И старуха обнимала голову своего сына, гладила его кудри и целовала их и собой закрывала сына от взоров отца, как будто он собирался уже отпустить дорогого её Яшу... Отцу Герасиму не хотелось спорить с женой. Мало-помалу он согласился с её доводами. Это было тем легче, что отцовское сердце говорило то же самое, что твердила только что мать, а сам Яков с ужасом помышлял об избитом дворянине. Решено было, что сын останется дома и будет служить родной стране своими знаниями и своей твёрдостью в истинной вере.
На следующее утро царский посол присылал за отцом Герасимом одного из своих дворян. Священник расспросил, все ли в посольской свите здоровы, не нуждается ли кто в предсмертных молитвах и напутствии и, узнав, что всё в посольстве благополучно, не пошёл. Дворянин уговаривал его, грозил ему. Но отец Герасим оставался твёрд, говоря, что посол может посетить его в церкви, если ему что-нибудь нужно. После уже как-то узналось, что посланник собирался что-то ему подарить, серебряную чару или ковш, чтобы искупить нанесённую обиду.

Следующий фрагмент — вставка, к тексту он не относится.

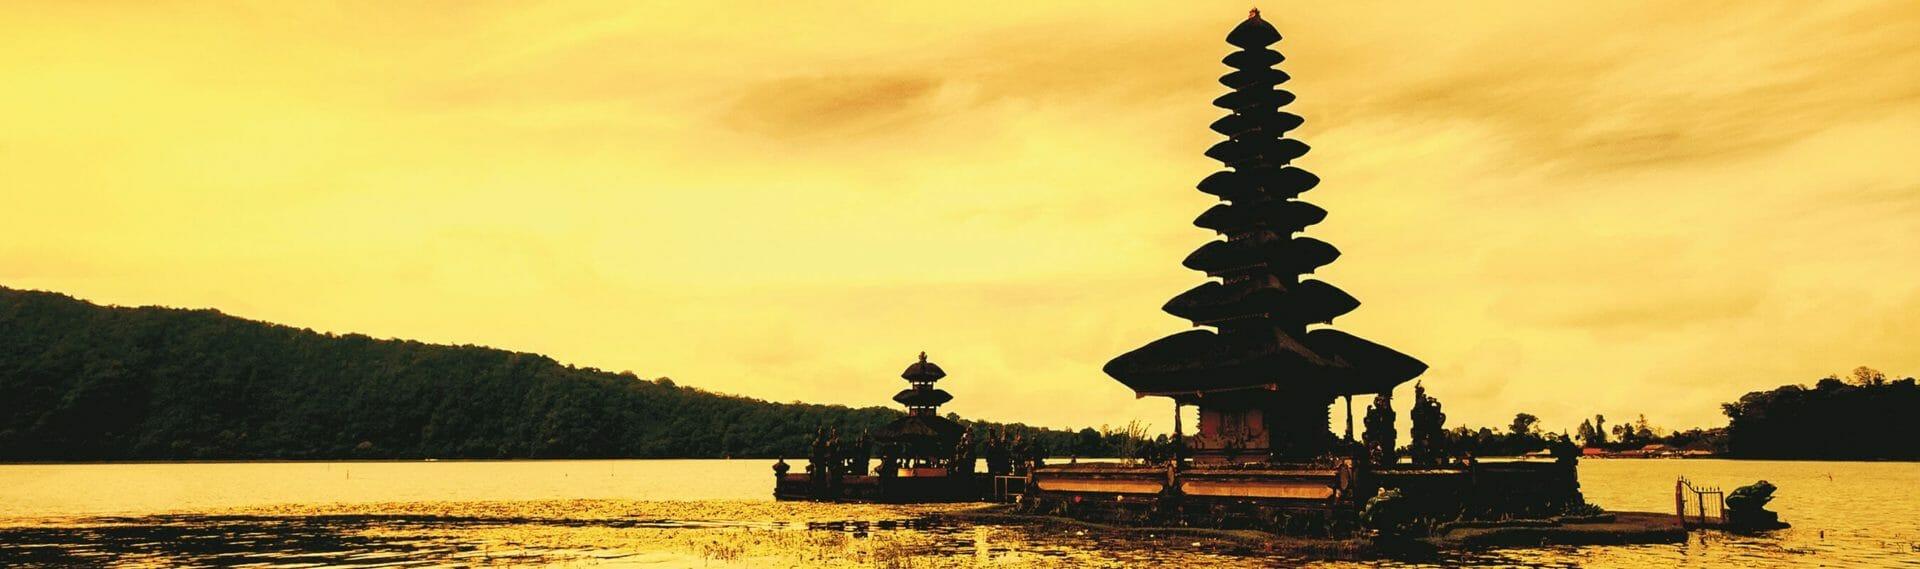 Bali_LacBratan
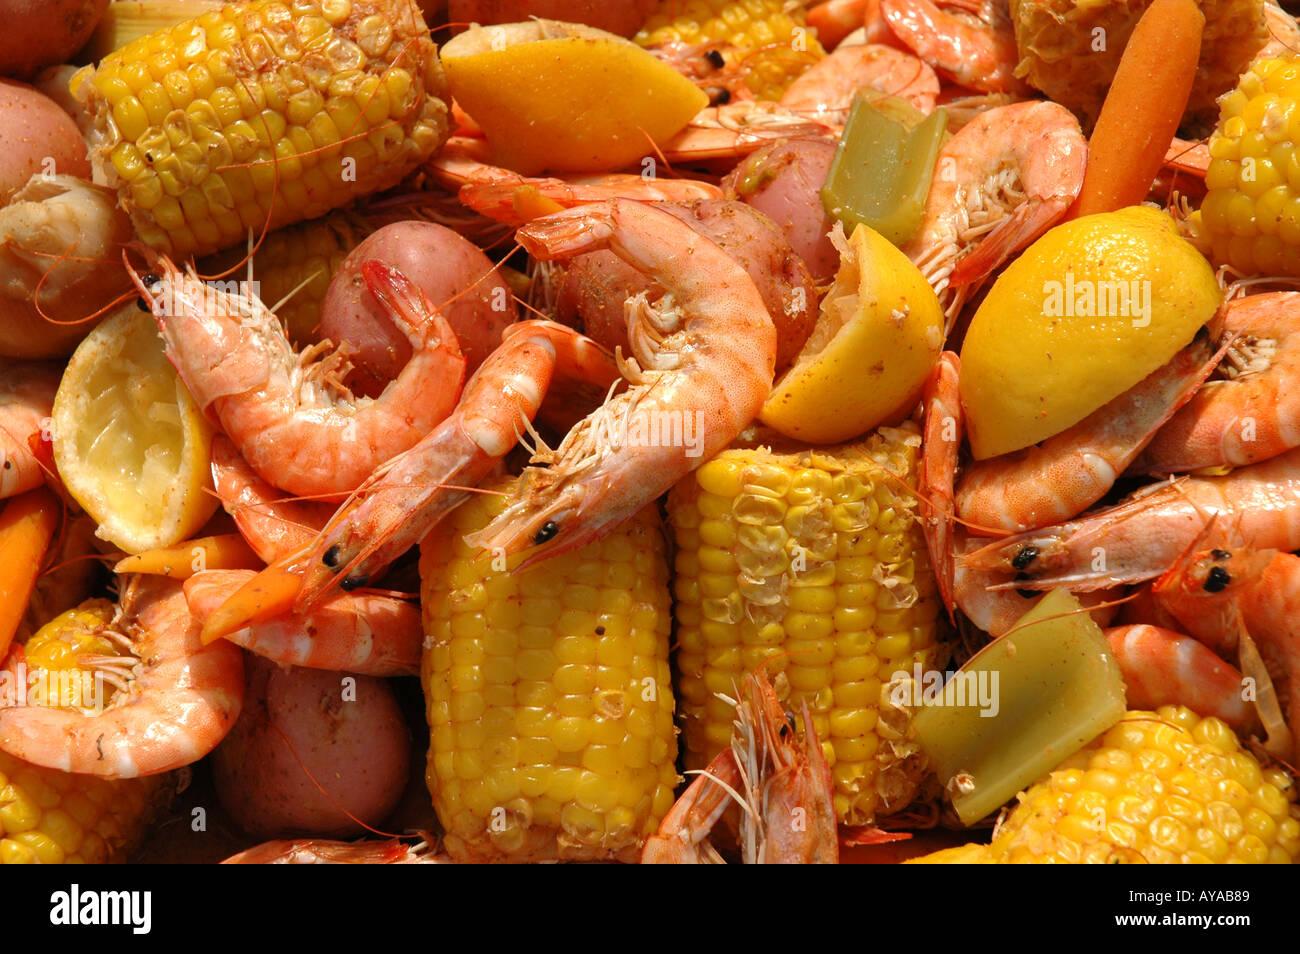 Louisiana shrimp boil Cajun cooking - Stock Image

Так как недалеко уже было до Кракова, то посланник перед выездом из Самбора сделал смотр всех подарков, назначенных королю, воеводе и царской невесте Марине Юрьевне. Сначала провели мимо посланника двух породистых коней в яблоках; потом он осмотрел верховой прибор с золотой цепью вместо поводьев, оправленную драгоценными каменьями булаву, меха, персидские ковры, расшитые золотом, трёх кречетов, живого сокола и живую куницу. Это были подарки для воеводы. Потом осмотрел посол королевские подарки: трёх породистых коней с прибором, бриллиантовый перстень и лук с колчаном и стрелами в золотой оправе. Наконец открыли возы с подарками невесте: образ Святой Троицы, богато оправленный золотом и украшенный каменьями, разные материи, венецианские бархаты, турецкие атласы, три бочонка с тремя пудами жемчуга, большие золотые часы в виде слона с башней – эти часы играли на флейтах, на трубах и били в бубны; корабль золотой, отделанный жемчугом и индийскими каменьями; чаша из цельного яшмового камня в виде птицы с крыльями, а на ней вместо крышки серебряный олень с коралловыми рогами; золотой павлин с красиво распущенным хвостом: его золотые перья с изумрудными вставками дрожали совсем как у живой птицы; запонка с жемчужиной величиной с грушу, чарки, кресты, перстни и множество всяких мелких дорогих вещей. Всё это было внимательно пересмотрено, вытерто, вычищено и опять уложено в возы с величайшим старанием. Старый маршалок двору под предлогом оберегания царского добра весь день не отходил от любопытных предметов и взял себе на память об этом замечательном дне парочку хорошеньких жемчужин. Целый день употреблён был на осмотр, так что посольство тронулось в дальнейший путь только на следующее утро. Двадцать девятого октября 1605 года посол московского царя въехал в Краков и остановился в доме сендомирского воеводы.
V
тарик Бучинский был недоволен своим сыном. Вернувшись из Кракова в конце ноября, ксёндз Помаский объявил, что секретарь московского царя Ян Бучинский скоро приедет из Москвы с деньгами, следующими воеводе для уплаты его долгов, сделанных на приготовление к московскому походу царевича. Ксёндз прибавлял, что Бучинский уже на днях будет в Самборе. Старик сердечно обрадовался: пятнадцать месяцев не видел он сына, который за это время достиг весьма высокого положения между боярами Московского царства. Приходили слухи, что Бучинский очень любим царём, что все государственные и придворные дела совершаются не иначе, как при посредстве секретаря, человека доброго, глубоко преданного царю. Это рассказывал пан Безобразов, посланный к королю; то же самое говорил пан Пшепендовский, приезжавший с письмом к царёвой невесте. Но сам Бучинский писал к отцу редко и очень кратко, уведомляя только, что всё обстоит благополучно, и что судьба его, по-видимому, устраивается довольно удовлетворительно. Изредка прибавлял он, что надеется скоро увидеться с отцом. Между тем прошла и половина декабря. Самбор пуст; воевода с семейством ещё в Кракове, требует беспрестанно денег, а касса совершенно пуста, и страстно ожидаемый сын не едет. Старик тосковал, не знал, куда деваться, то и дело заходил к своему другу, ксёндзу Помаскому, но и тот был не весел и не разговорчив.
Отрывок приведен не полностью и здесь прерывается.